Я не стала отвечать, потому что уже слишком долго жила отдельно, чтобы примерять на себя возможность жить под одной крышей с мужчиной, который… чёрт, я даже не могу найти правильное определение тому, как отношусь к Георгию. Он мой отчим, муж моей покойной матери. Не отец, не кровный родственник. Я не могу скинуть с весов всё, что он сделал для нас с матерью, и всё же, по-моему, жить вместе это как-то неправильно. Слухи пойдут такие, что вовек не отмоешься. Но это я так, к слову. Возвращаться я действительно не хотела.

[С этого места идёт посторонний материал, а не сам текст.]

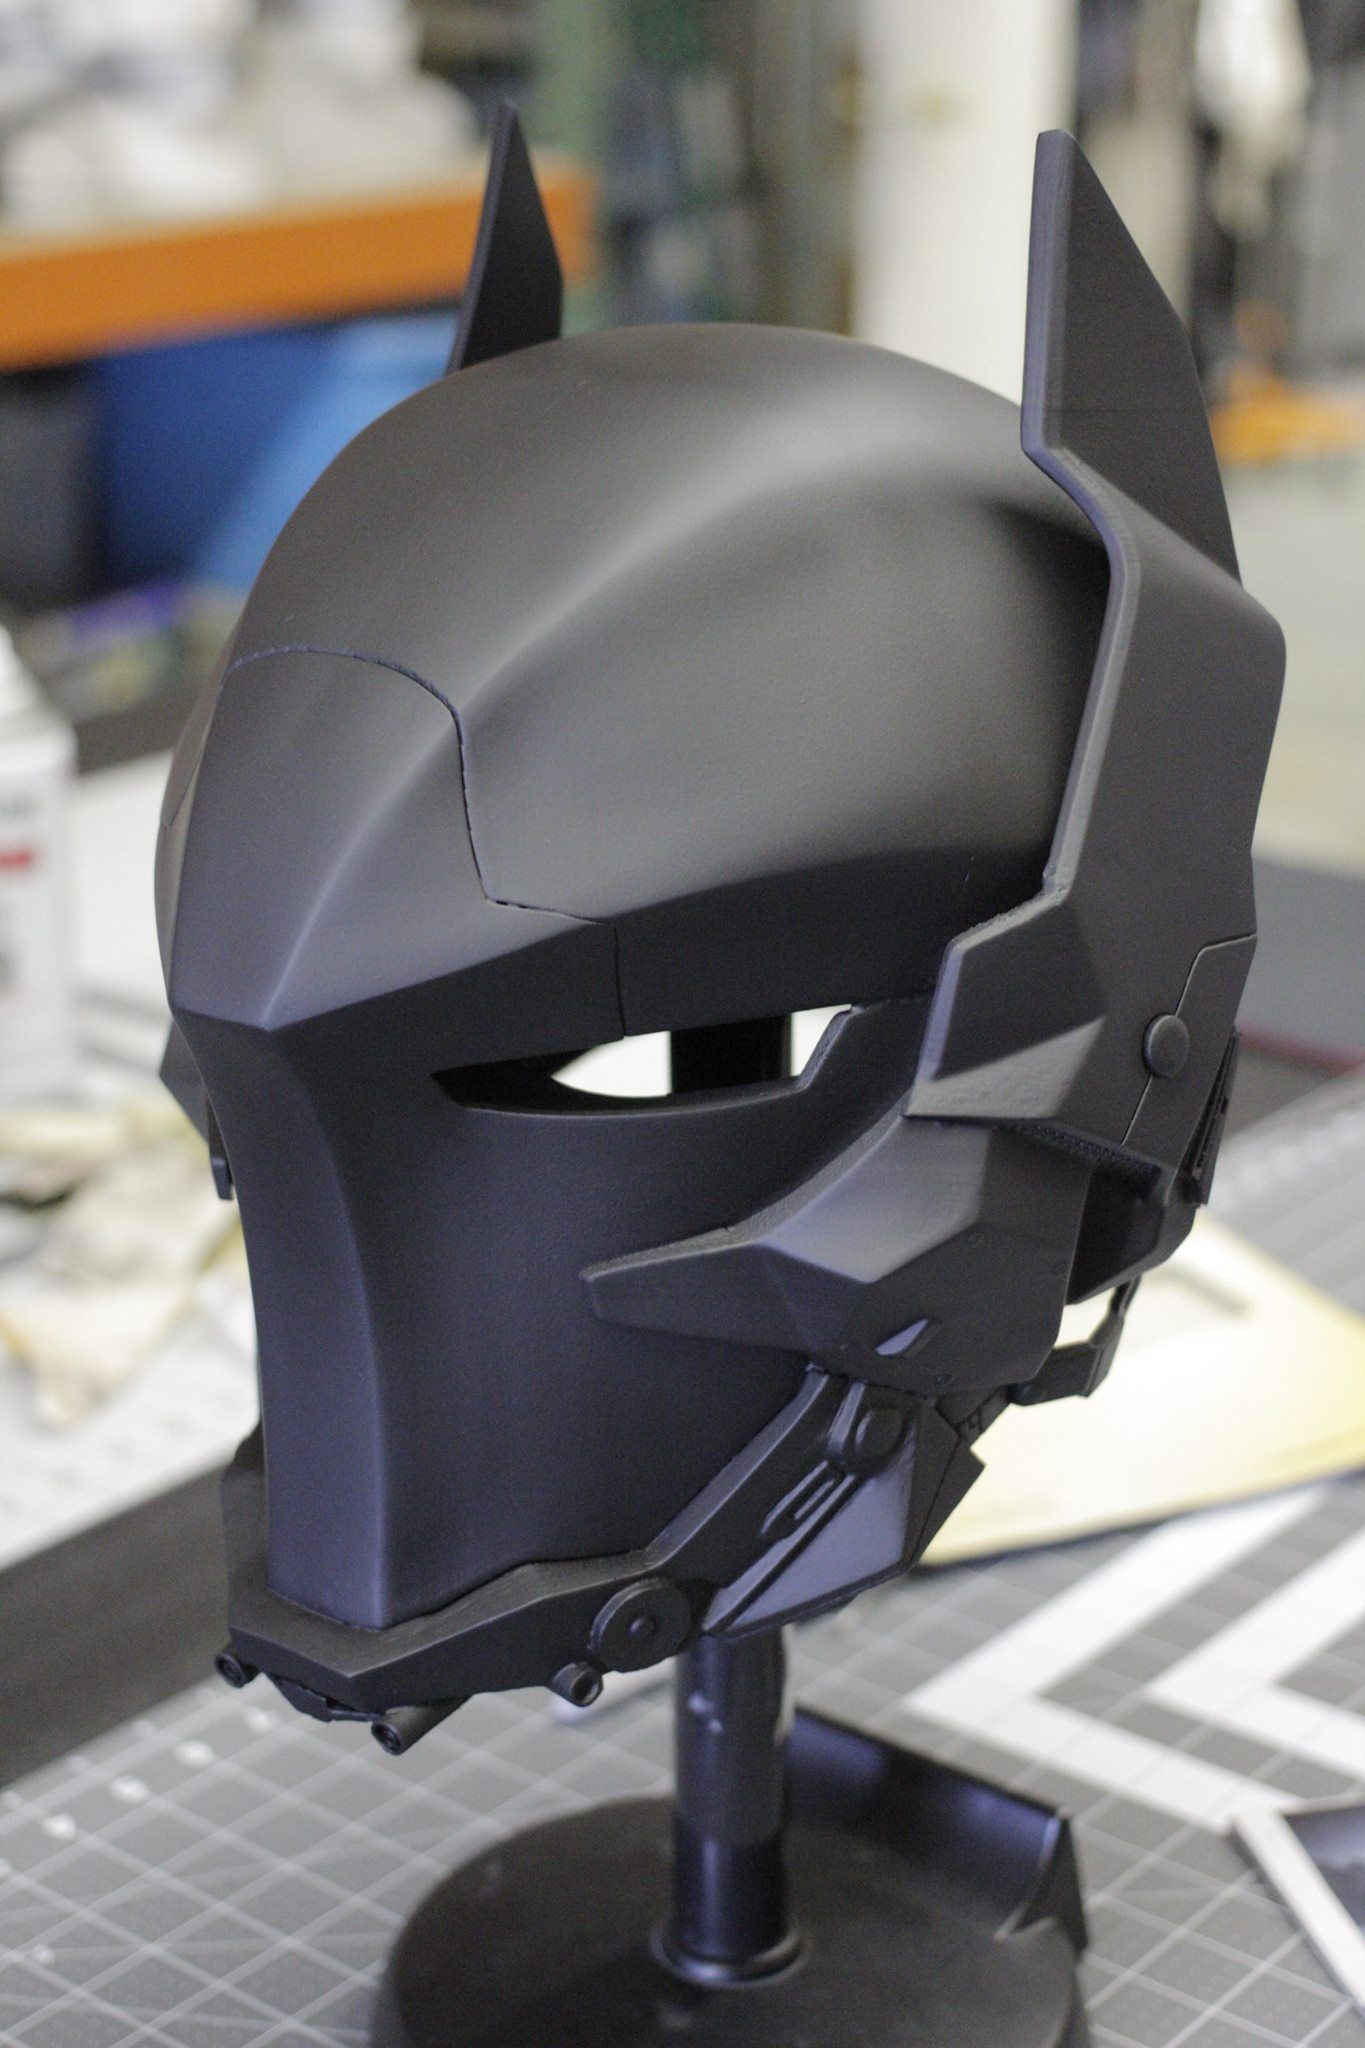 картинки шлема бэтмена впечатляющее место, идеально

Запахло жареной картошкой. Я сглотнула голодную слюну и уже с вожделением посматривала в сторону жирной селёдки, которую тётка Дарья умело и быстро освобождала от сероватой кожицы и костей.

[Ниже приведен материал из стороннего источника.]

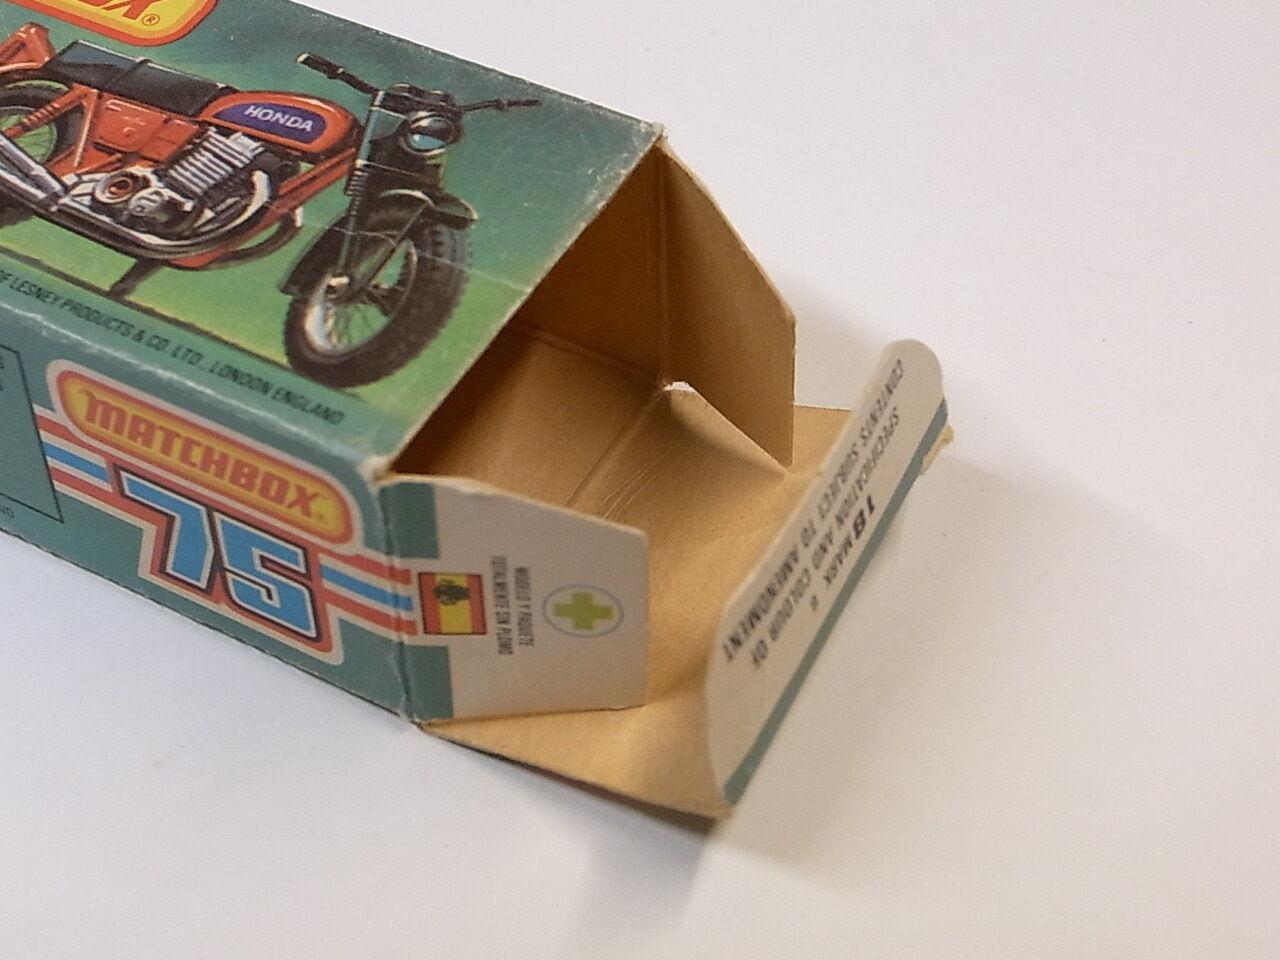 Matchbox Matchbox Matchbox Lesney 18 Hondarora originale Box     Modell Honda CB 750 Four a95041

– Сбегай-ка в огород за зелёным луком, пока не стемнело, – велела она. – И глянь, не видать ли моего ханурика. Загулял, зараза, как есть загулял!

Я отправилась на огород и нарвала зелени. Окна моего дома были темны.

«Ушёл, что ли, куда?» – подумала я с надеждой. Лучше бы ушёл, ей-богу. Говорить нам не о чём, только нервы друг другу трепать. Понятно же, что деваться ему некуда, а ведёт себя так, будто я ему что-то должна. Нашёл бы себе женщину, по нему, поди, полгорода слюни пускают, и ушёл бы к ней жить. Но нет, сидит, как сыч, захламил весь дом своими инструментами.

Наш дом крайний на улице, за ним – дикий сад. Раньше там тоже дом был, но хозяева уехали, и он пришёл в негодность. Соседи постепенно разобрали его по брёвнышку, так что остался только остов из старого кирпича, насквозь проросший лопухами. Но раз в два года старая яблоня плодоносила, так что мы собирали яблоки и сушили для компота. В этом году, судя по крупной завязи, тоже будет хороший урожай.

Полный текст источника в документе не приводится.